Waren gehypnotiseerden willoos tegenover de stem van de hypnotiseur? Experimenten uitgevoerd te Nancy (door leden van de ‘School van Nancy’, een groep artsen en wetenschappers) bewezen dat het met dat vergeten wel meeviel en dat de herinneringen met enige overtuigingskracht best wel weer naar boven gehaald konden worden. Maar lijnrecht tegenover hen stond Charcot. Hij merkte op dat het gedrag van gehypnotiseerden vergelijkbaar was met dat van hysterici. Ze konden bijvoorbeeld op commando het volledige programma van een grande hysterie afdraaien.

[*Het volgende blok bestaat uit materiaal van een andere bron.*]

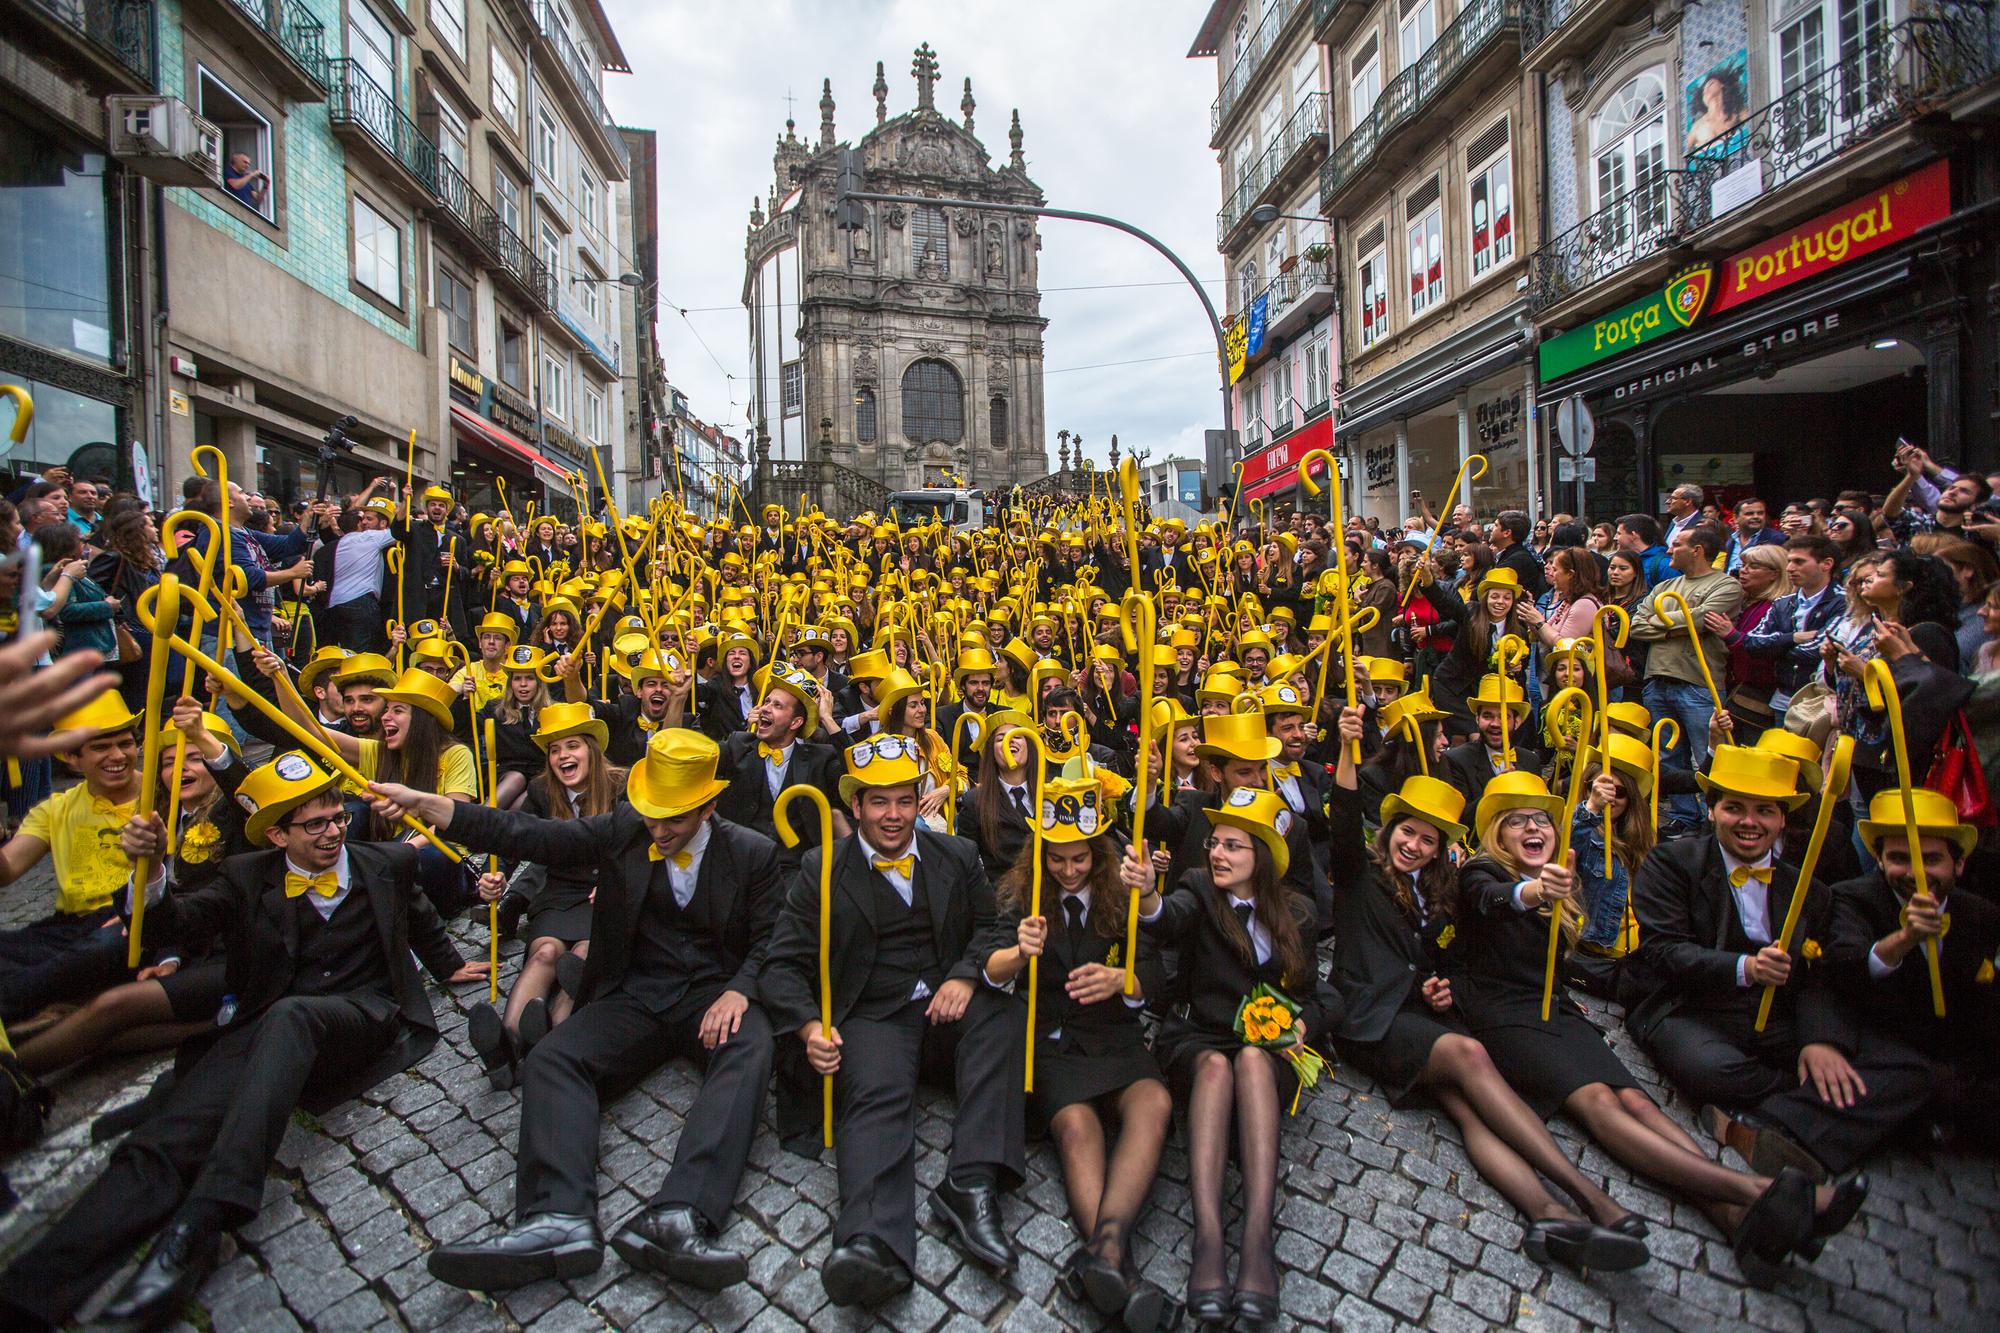 Étudiants dans les rues de Porto pour la Queima das fitas

Hypnose en hysterie waren nauw verwant, concludeerde Charcot. Beide waren gebaseerd op een verstoorde communicatie binnen het brein. Wie extreem gevoelig was voor de suggesties van de hypnotiseur leed aan een minder ernstige, tijdelijke vorm van dit defect, maar had tegelijkertijd aanleg voor de hardnekkige vorm: hysterie. Dit laatste fenomeen werd volgens hem in gang gebracht door een schokkende ervaring op het moment dat het slachtoffer zich in een licht gehypnotiseerde toestand bevond. De schok veroorzaakt een (volgens Charcot helaas nog onzichtbare) permanente splitsing van de geest. Een niet meer bewust bereikbaar deel van het brein gaat vanaf dat moment zijn eigen gang. Die splitsing uitte zich in motorische symptomen. Door middel van hypnose kan het trauma ‘geactiveerd’ worden waardoor de patiënt de oorspronkelijk ervaring opnieuw beleeft óf een hysterische aanval krijgt.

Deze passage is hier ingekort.